217 - B2 bombers are extremely nimble in flight.
218 - In the event of an alien invasion, hit the water. No aliens would attack anything in the ocean, not for any reason.
219 - The London Eye is more iconic to England than Big Ben.
220 - Blue, hypnotic alien lights can be viewed from a safe distance without any ill effects or hypnosis.
221 - A military chopper that's heading in your direction is coming to rescue you. Especially if it dropped soldiers off at your apartment earlier.
222 - The shockwave from a nuclear weapon detonated several miles away from you cannot destroy your apartment complex.
223 - Brains are blue-coloured in general.
224 - The aliens success in Los Angeles hinges on seizing a handful of people holed up in an upmarket highrise apartment block.
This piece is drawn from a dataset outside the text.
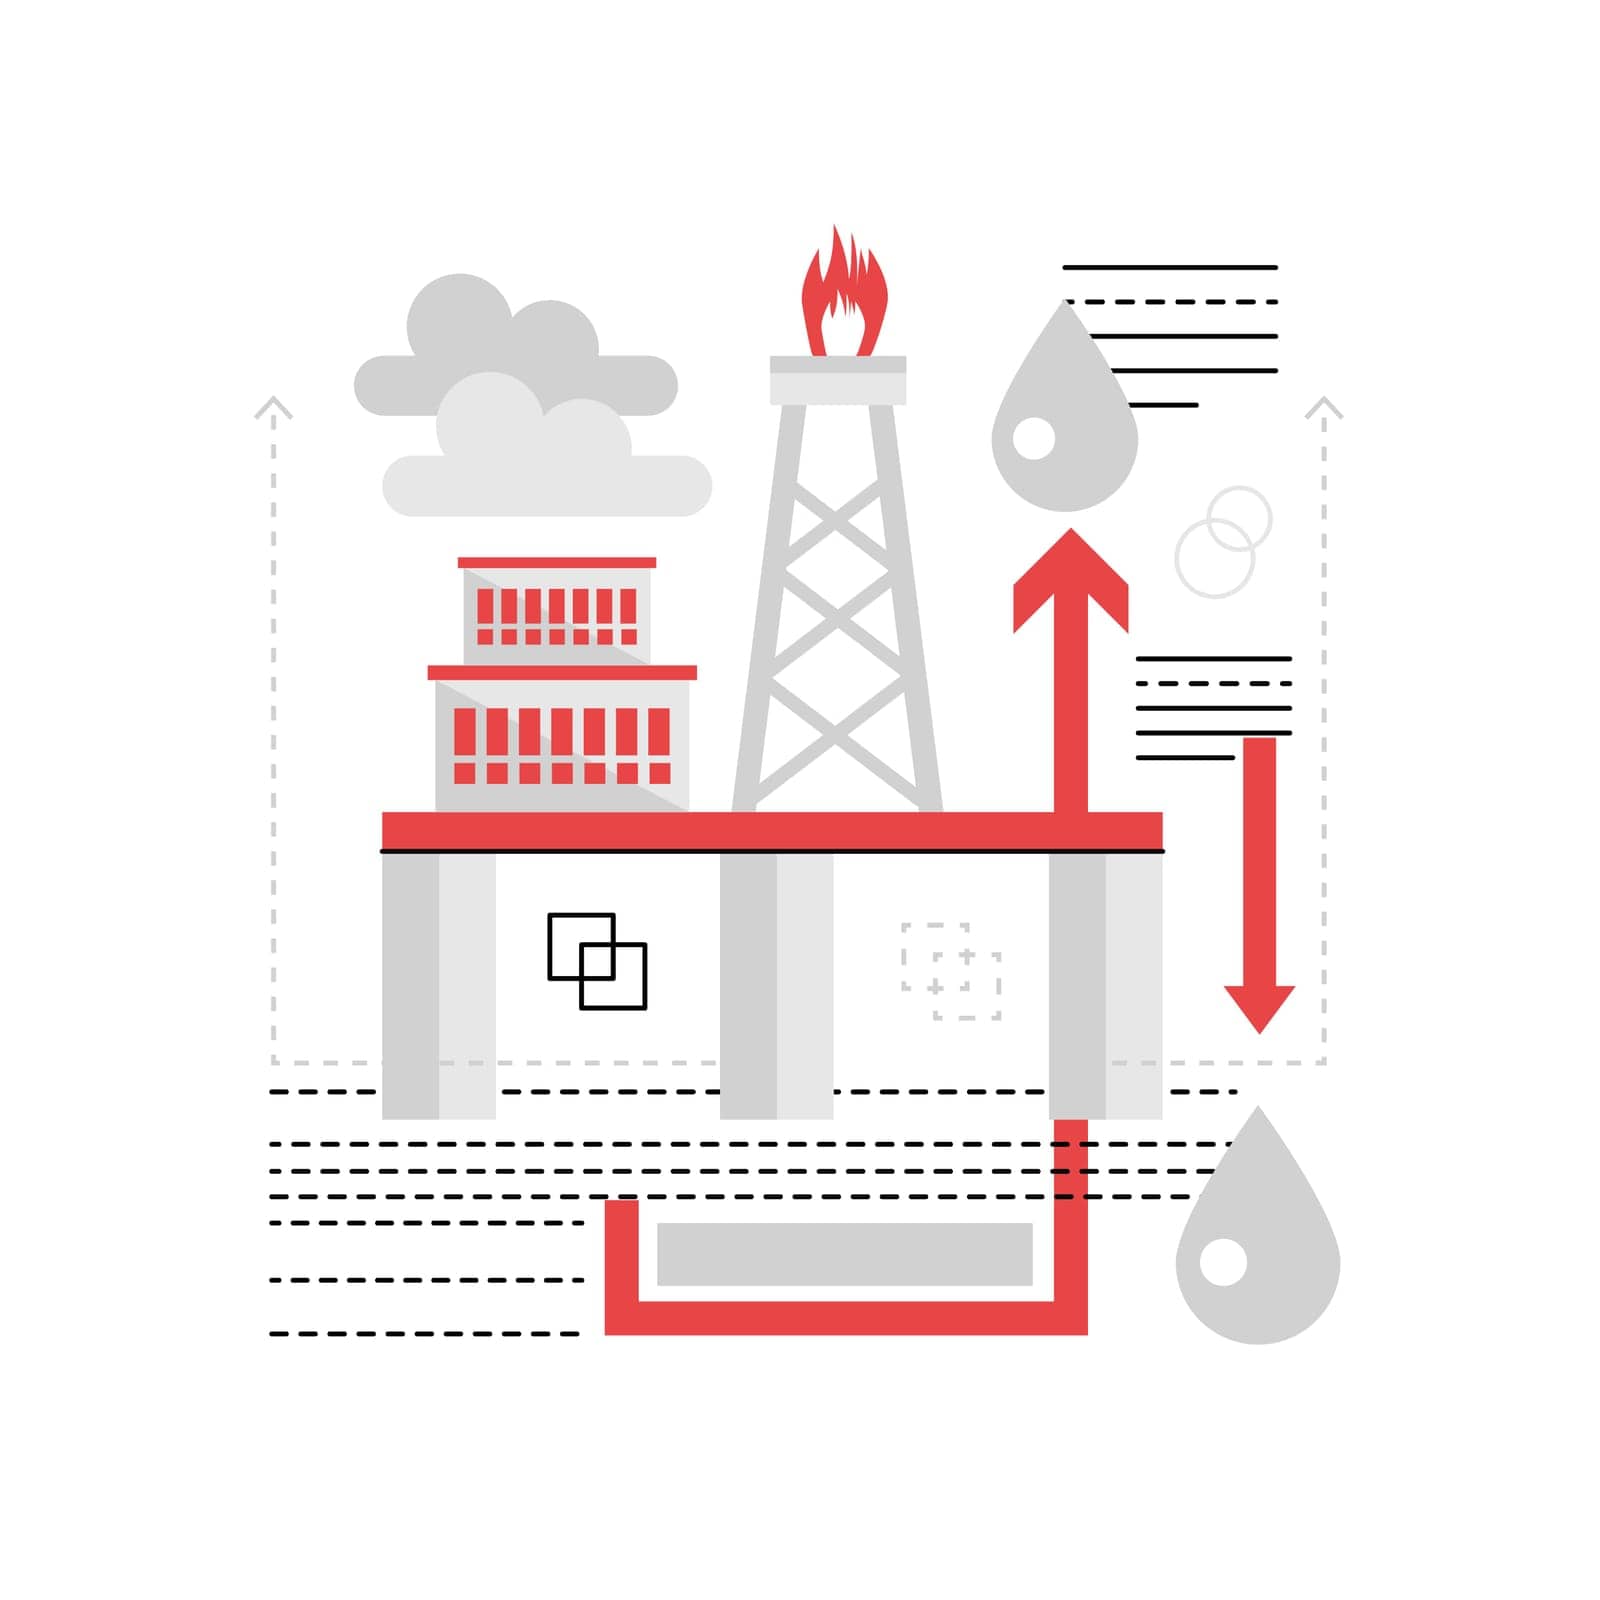 Industrial oil platform. Petroleum industry, oil sea drilling platform vector illustration

225 - If you want to escape aliens, use a Ferrari and a Jeremy Clarkson mentality. If it fails, call it your best chance of survival and contemplate doing it again.
They call me the wanderer. -
joemartinez73 — 10 years ago(July 19, 2015 07:28 PM)
#217 that was not a B2 bomber you asshat, it was a X-47 unmanned drone they were using. Get your beep together before you start poking fun at a movie.
You heard it here first. "Don't let facts get in the way of a good trolling."